A Correction to this article was published on 26 March 2022

This article has been updated

Abstract

In 2004, Vespa velutina was first seen in France. Since then, this fierce honey bee predator spread across many countries, giving rise to one of the most phenomenal insect invasions in Europe. An early study in France showed a genetically depauperate population, originating from a single multi-mated queen introduced from China. Here, we further unveil V. velutina invasion genetics in Europe by surveying the Iberian and Italian peninsulas using cytonuclear markers. Our results show that the French population acted as the colonists’ source in Spain, Portugal and Italy, leading to rejecting the hypothesis of multiple introductions from the native range.
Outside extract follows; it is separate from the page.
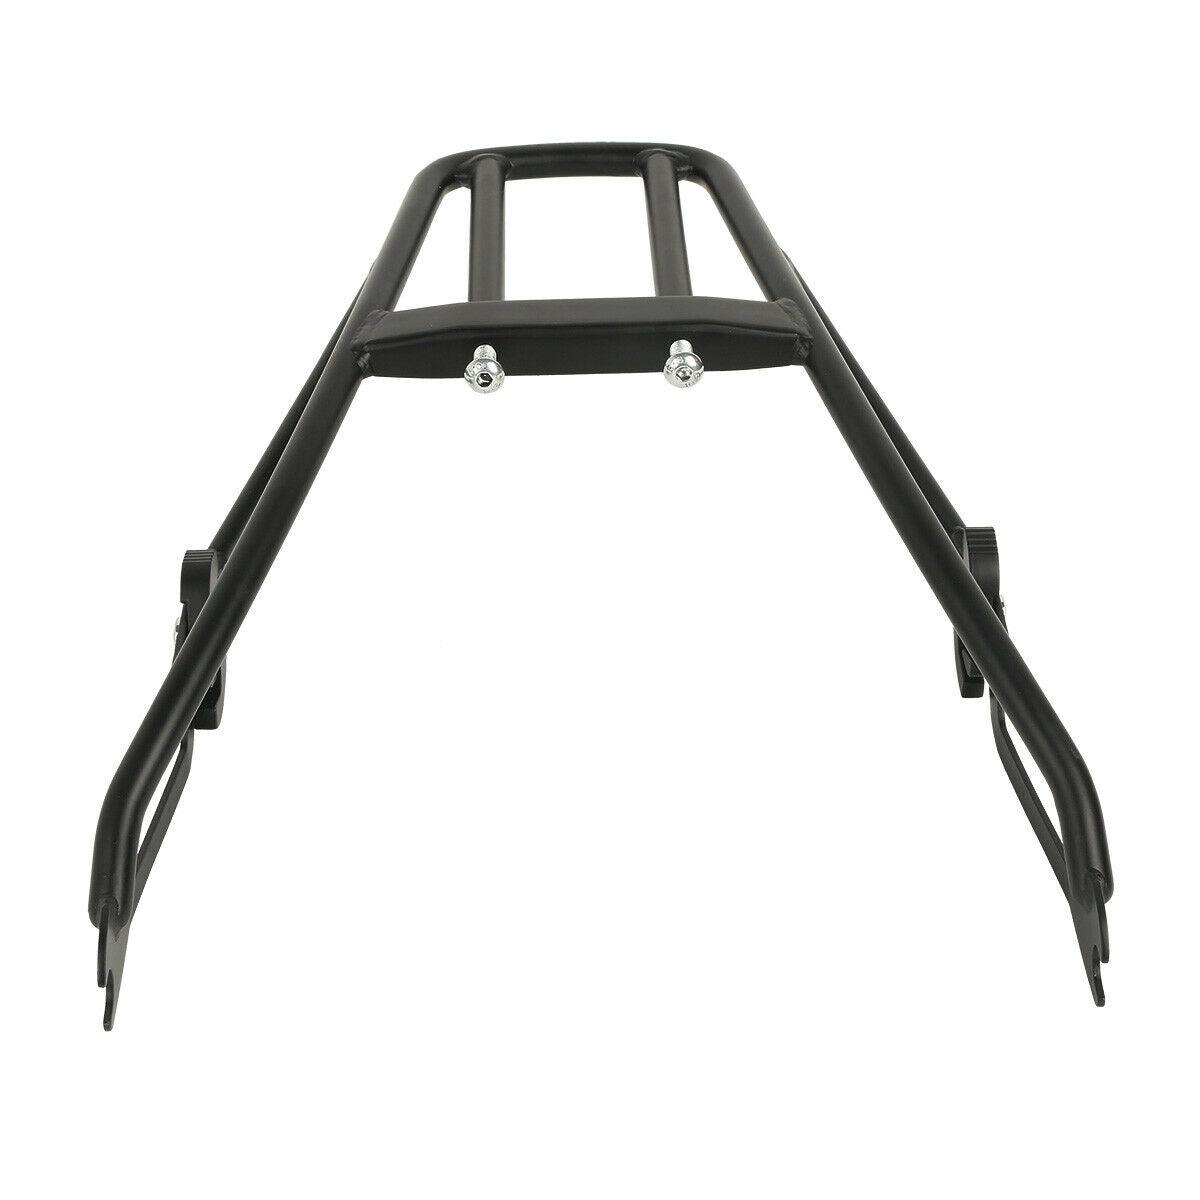 Detachable Luggage Rack Fit For Harley Street 500 750 XG500 750 2015-2021 Black - Moto Life Products

While Spain and Italy were colonized predominantly by leading-edge expansions from the French core population, in Portugal the invasion started from long-distance jump. Both processes were accompanied by a significant reduction in genetic diversity, with stronger losses for Portugal (Ar = 17.4%; uHe = 42.3%) than for Spain (Ar = 9.0%; uHe = 20.6%) or Italy (Ar = 16.3%; uHe = 26.8%). Signatures of differentiation and population structure, associated to the founding event in Portugal, enabled detection of secondary contact between the front derived from the primary propagule introduced in France and the front derived from the secondary propagule introduced in Portugal. Detection of first-generation migrants in the three countries suggests continuous gene flow that is bringing in new alleles, and this effect is stronger in Portugal, as reflected by a 20.3% increase in allelic richness. Overall, this study provides further insights into the invasion genetics of V. velutina in Europe, which can aid developing strategies to manage this major threat to beekeeping.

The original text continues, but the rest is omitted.